### Prompt
All of the data should be given again word for word, though the images are to be left out.
+++ Supplied material +++
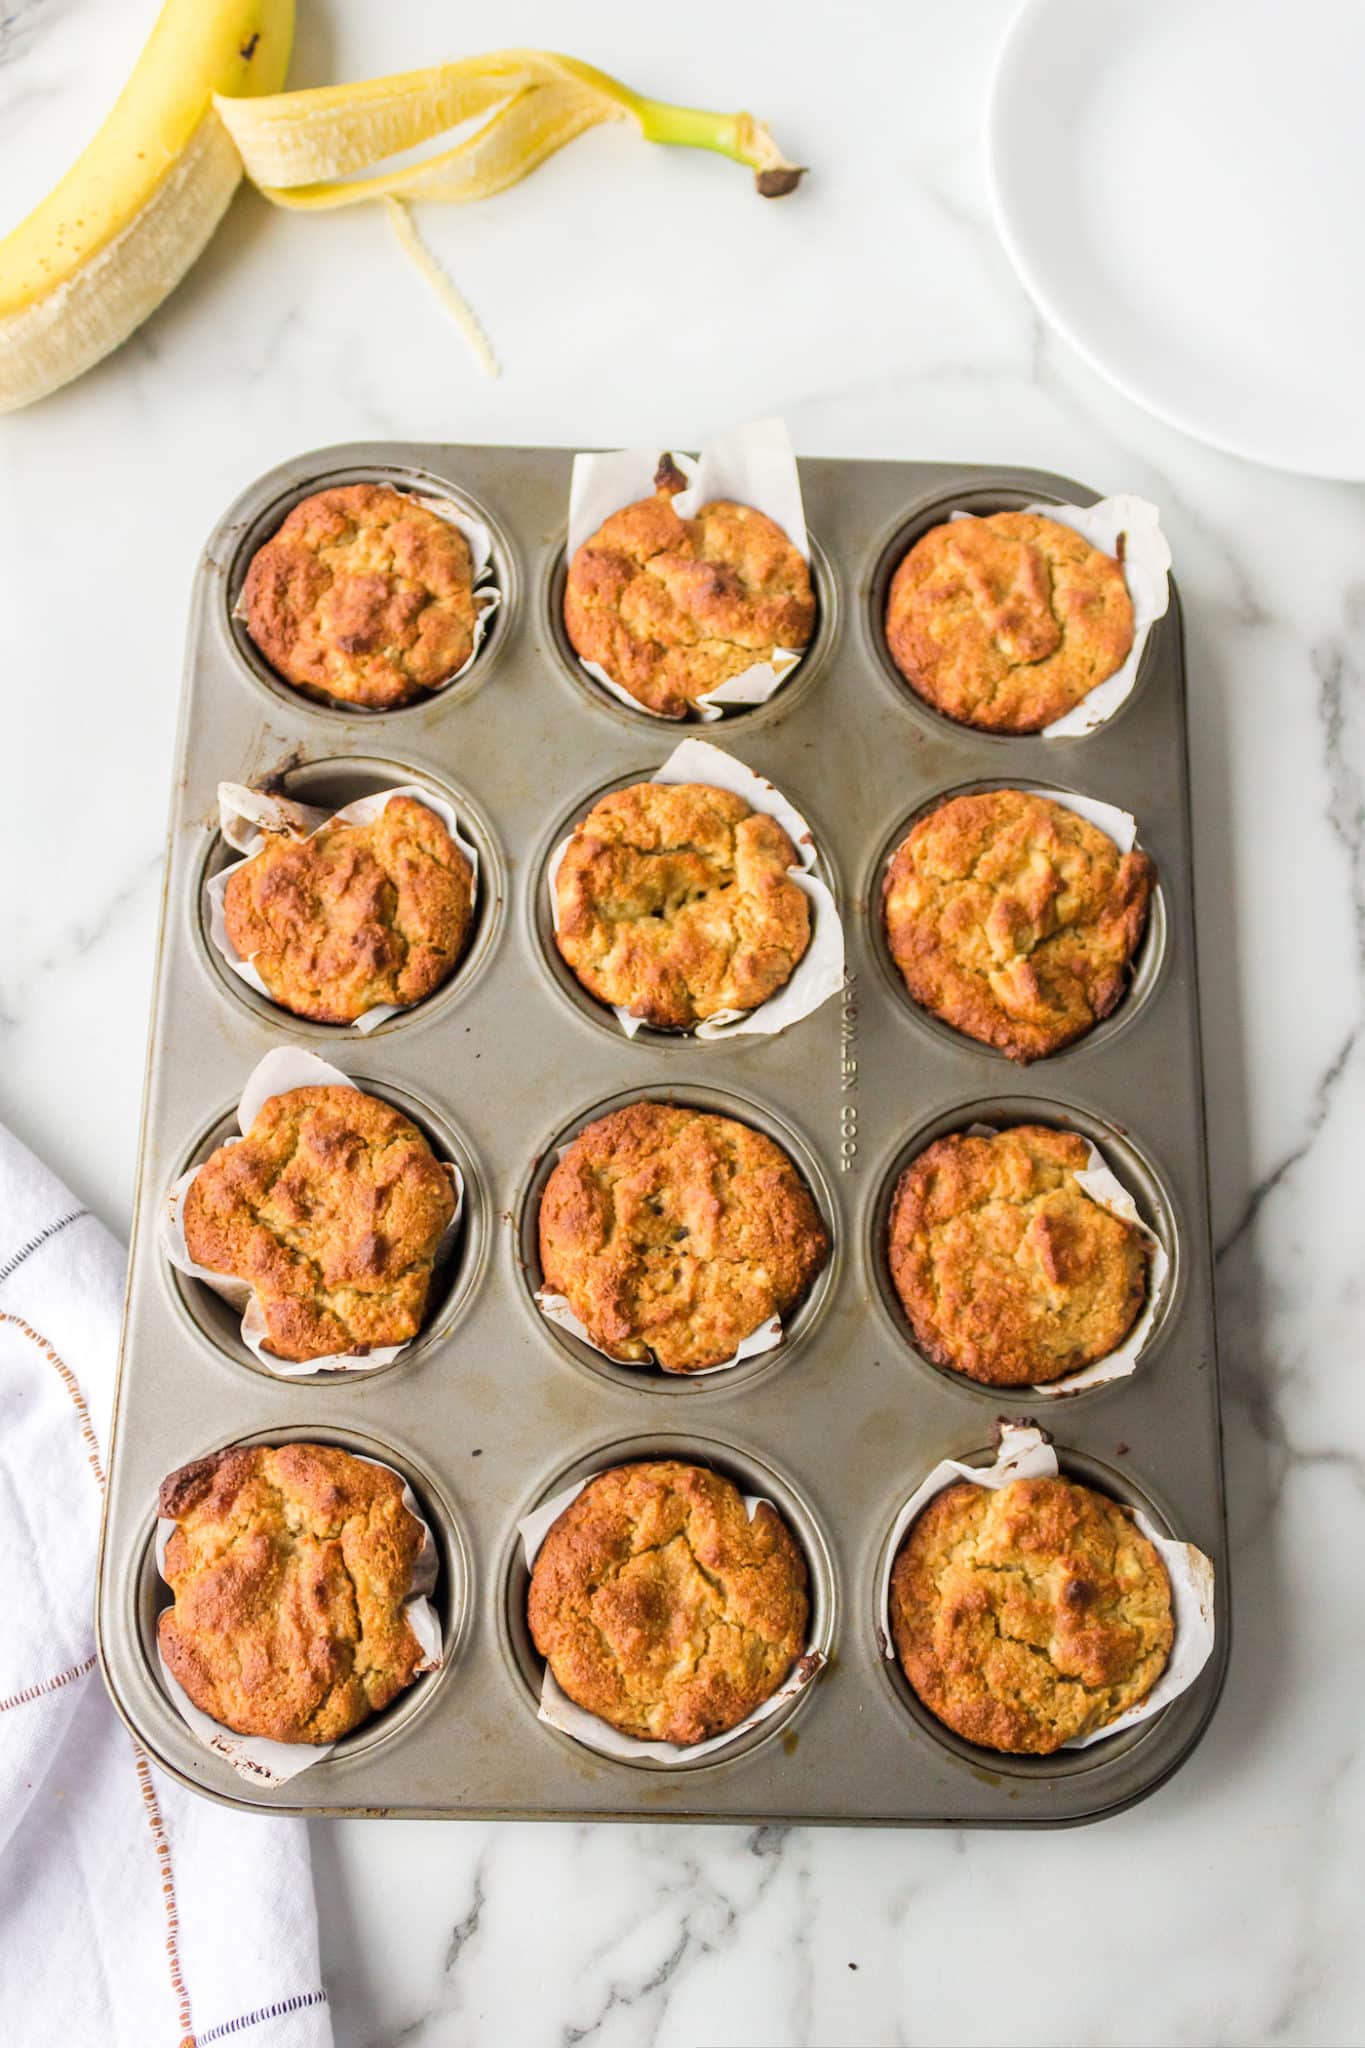 Banana muffins baked in a tin
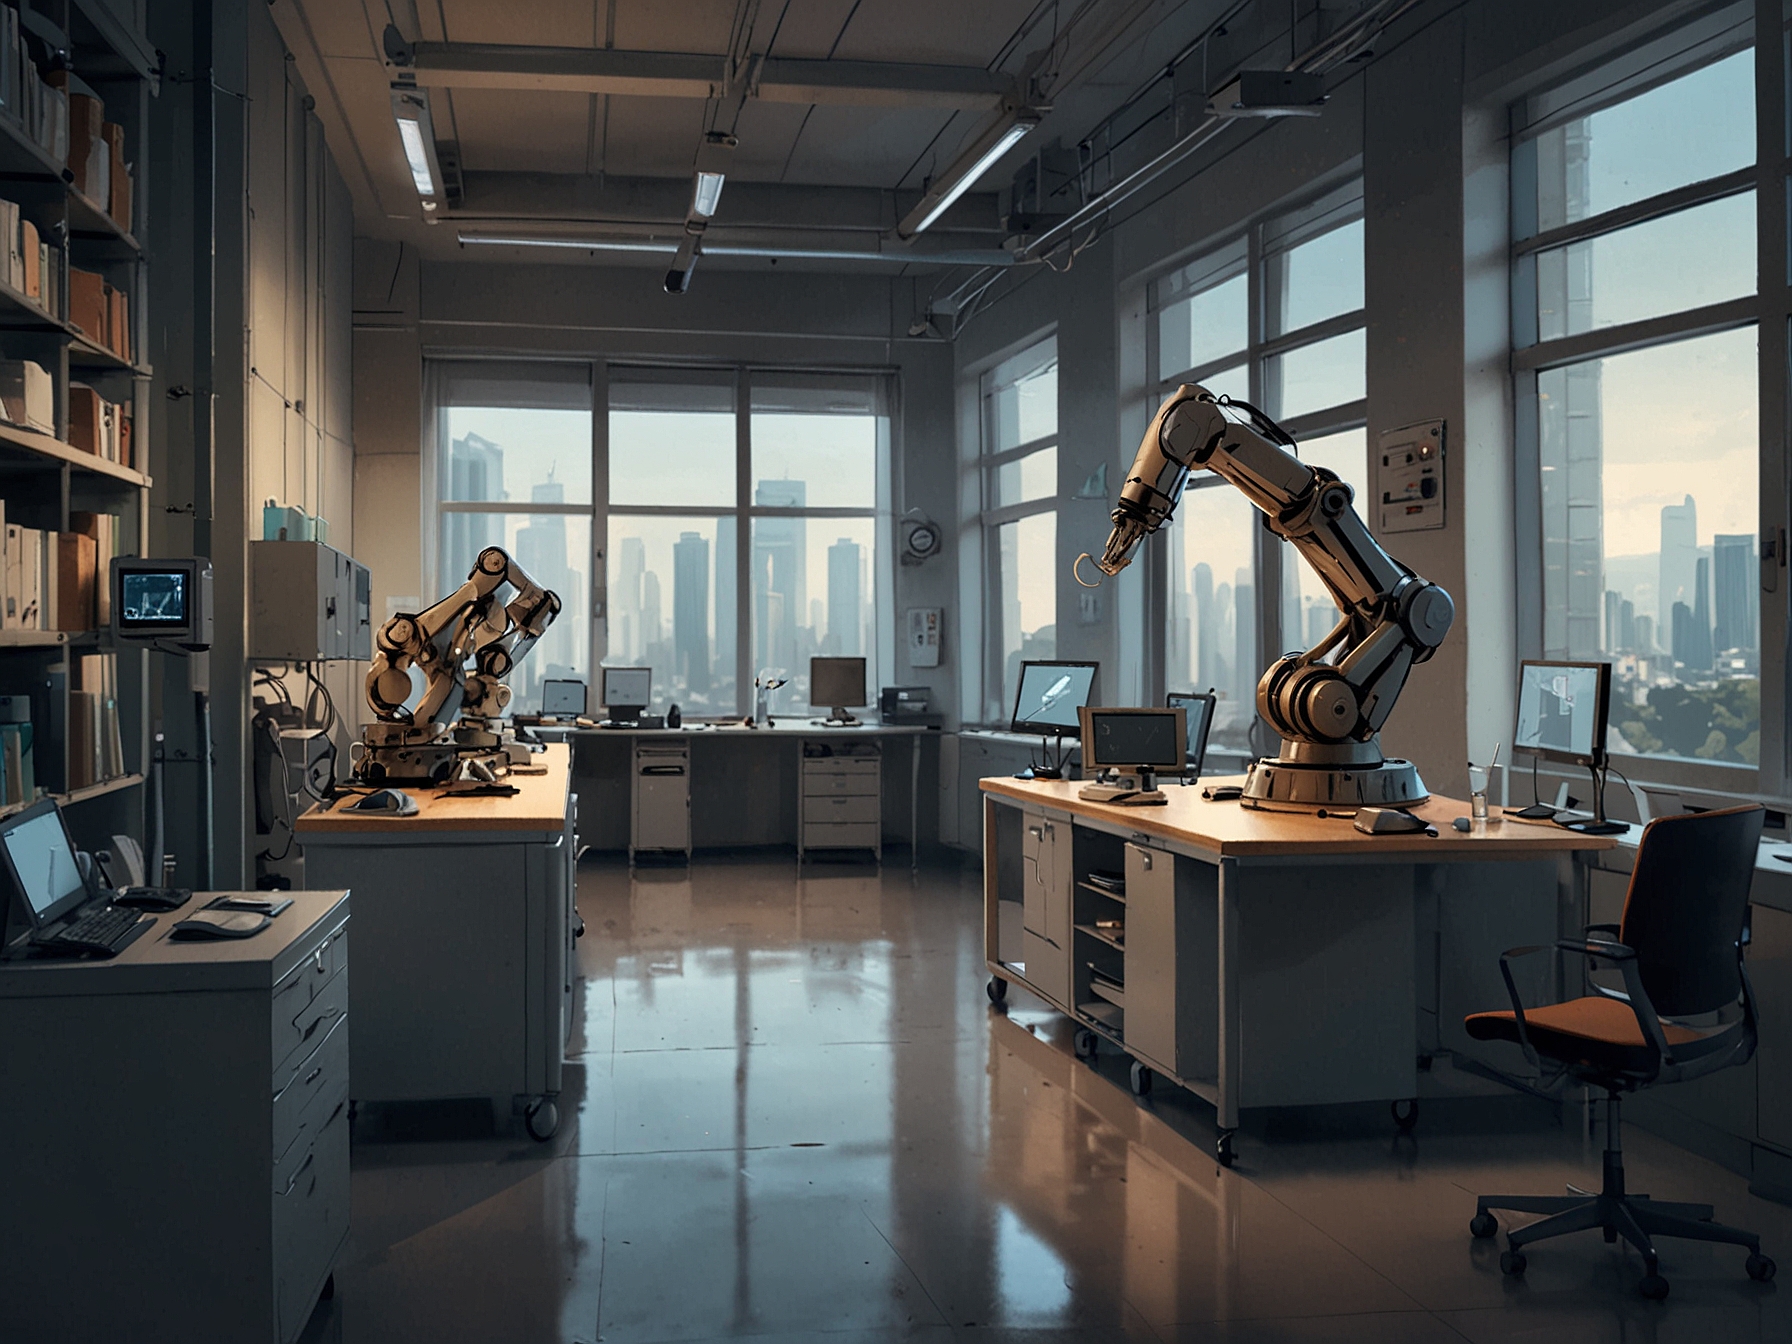 A sleek, modern robotic laboratory representing Pudu Robotics' state-of-the-art Global R&D Center in Hong Kong SAR, showcasing advanced technological equipment and research activities.
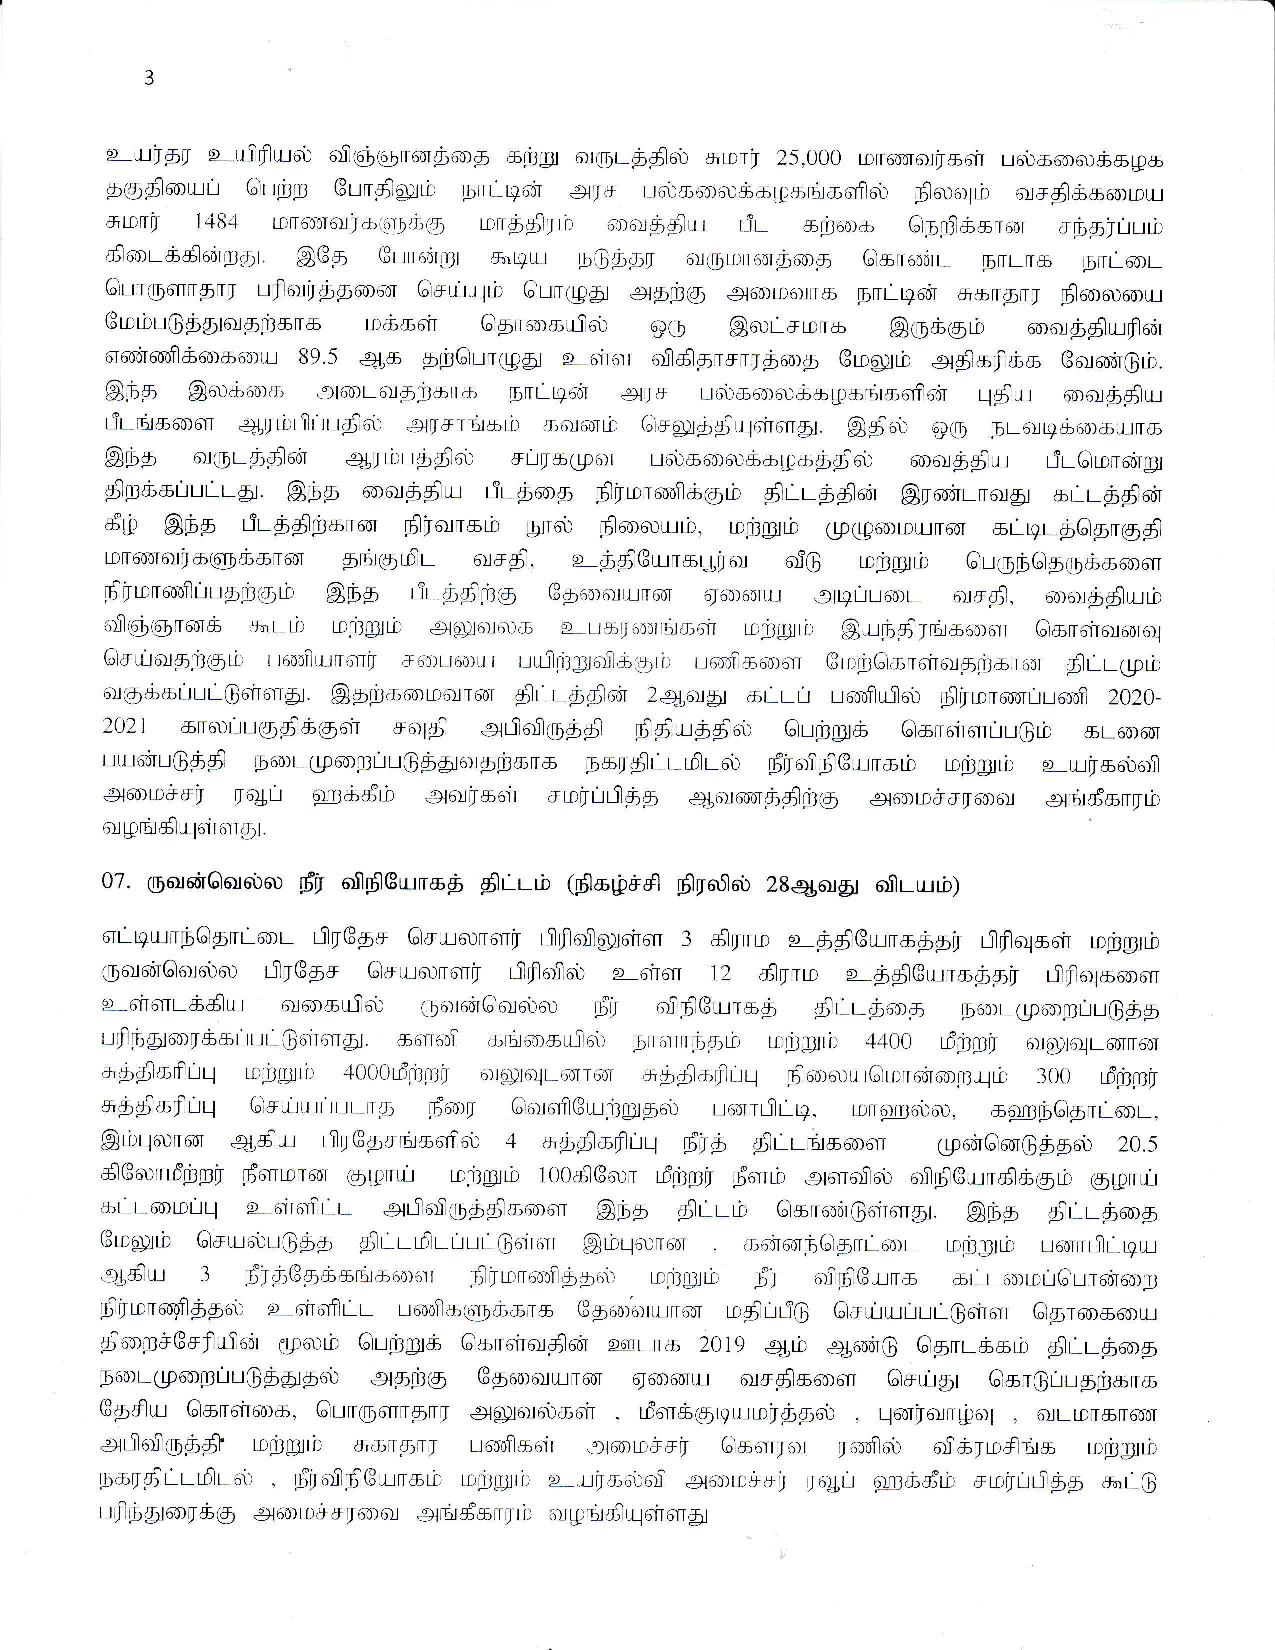 Cabinet Decision on 21.05.2019 Tamil page 004
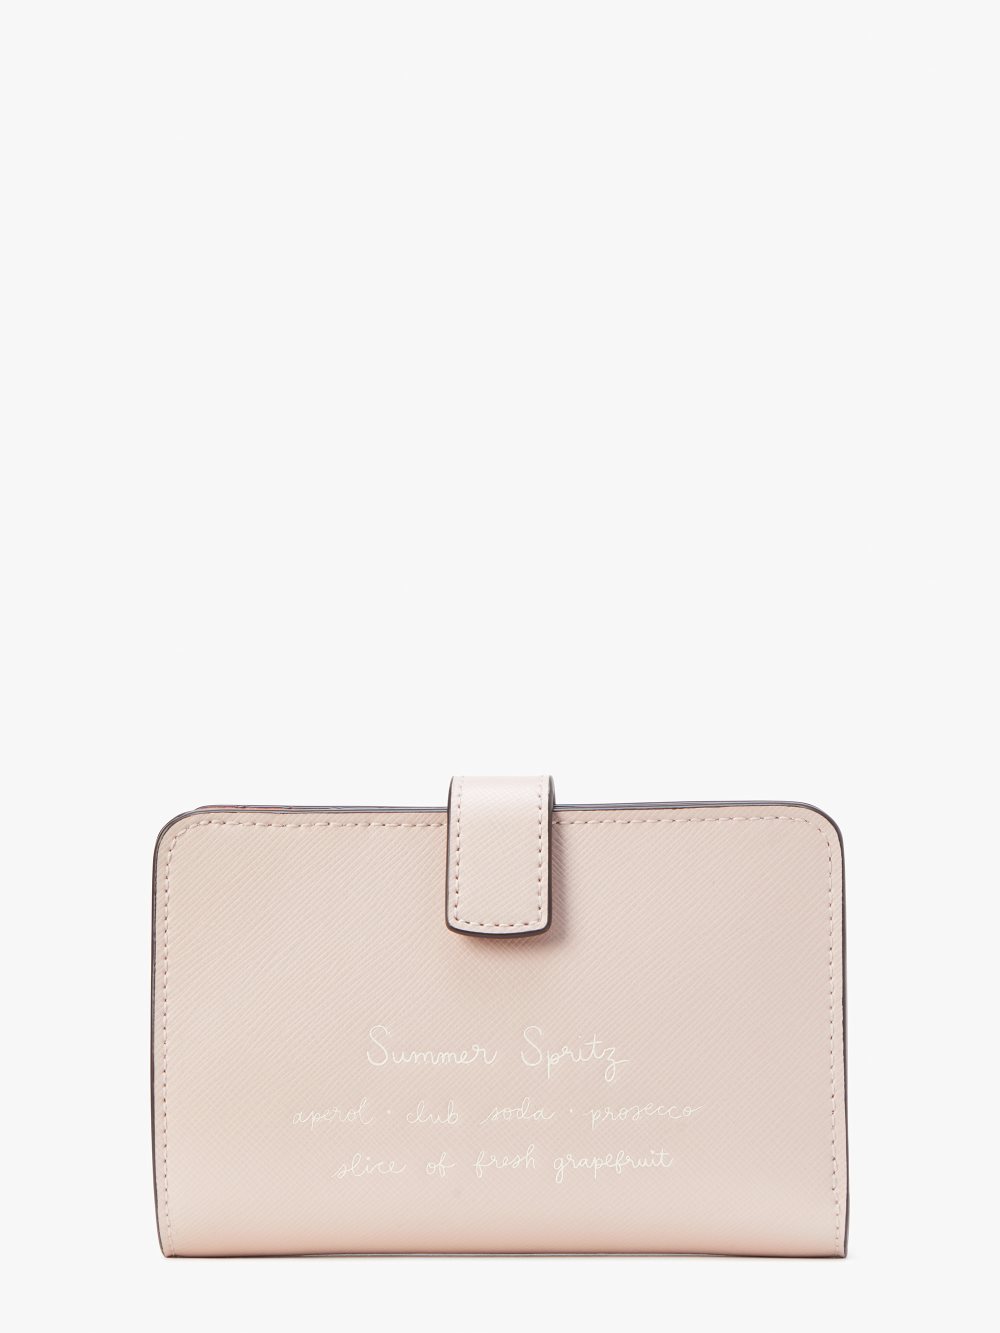 Women's pale dogwood tini embellished compact wallet | Kate Spade
+++
### Answer to this task
 Banana muffins baked in a tin
 A sleek, modern robotic laboratory representing Pudu Robotics' state-of-the-art Global R&D Center in Hong Kong SAR, showcasing advanced technological equipment and research activities.
 Cabinet Decision on 21.05.2019 Tamil page 004
 Women's pale dogwood tini embellished compact wallet | Kate Spade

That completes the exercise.